There are many formulations of this concept but here is one:
“First, they must agree to establish society by collectively and reciprocally renouncing the rights they had against one another in the State of Nature. Second, they must imbue some one person or assembly of persons with the authority and power to enforce the initial contract. In other words, to ensure their escape from the State of Nature, they must both agree to live together under common laws, and create an enforcement mechanism for the social contract and the laws that constitute it. Since the sovereign is invested with the authority and power to mete out punishments for breaches of the contract which are worse than not being able to act as one pleases, men have good, albeit self-interested, reason to adjust themselves to the artifice of morality in general, and justice in particular. Society becomes possible because, whereas in the State of Nature there was no power able to “overawe them all”, now there is an artificially and conventionally superior and more powerful person who can force men to cooperate. While living under the authority of a Sovereign can be harsh (Hobbes argues that because men’s passions can be expected to overwhelm their reason, the Sovereign must have absolute authority in order for the contract to be successful) it is at least better than living in the State of Nature. And, no matter how much we may object to how poorly a Sovereign manages the affairs of the state and regulates our own lives, we are never justified in resisting his power because it is the only thing which stands between us and what we most want to avoid, the State of Nature.”
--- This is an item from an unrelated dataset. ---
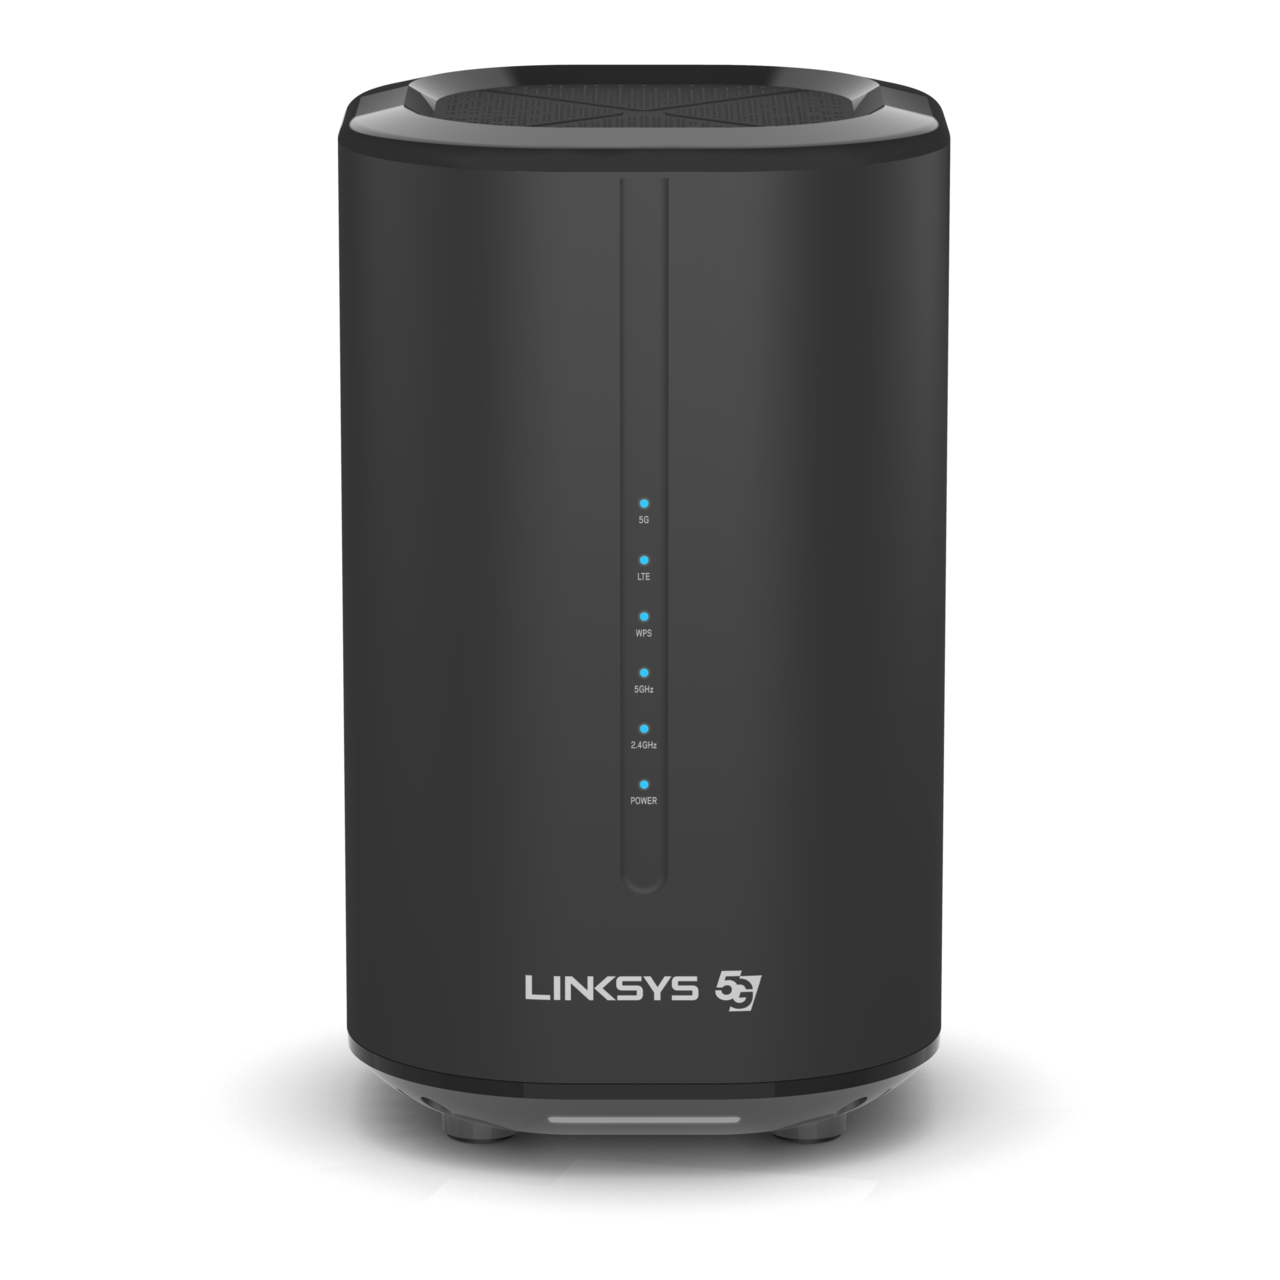 Linksys 5G Modem - Linksys 5G Routers - Buy From Northland Systems

That is all fine and good but recently I was told that by existing I had agreed to this contract? Well not really! I am wary of even verbal contracts let alone unsigned written ones but contracts that exist by virtue of me existing? I have to ask and did ask what planet did this person come from? I have not agreed to any Social Contract so I guess I am in revolt against it or at least in the negotiation phase. No! I am in outright revolt.
Now a Sovereign may have the power to control me. That is easily done. But the reality that someone has the power to control me is not equivalent to me having agreed to submit to that power and authority.
Sometimes I wonder where people are coming from. We raise the price of that of which we want to sell more and tell people that they have agreed to contracts by virtue of existing. And this Social Contract varies by culture. So if the Social Contract says that women have no rights, does that mean they have agreed to have no rights? If the so-called Social Contract says that infidels must convert or pay a tax for their failure to accept another’s version of the truth, does that mean the infidel has agreed to those terms?
I observe that our barnyard animals (equines, ovines, and domesticated junglefowl) figure out how to live together not in pure nature as they are protected by an electric fence from the coyotes but they have to and do learn how to get along with each other. So why is it that humans must have a Social Contract stuffed down their throats or revert to nature and not be able to get along? It makes no sense to me. I must not be sufficiently evolved.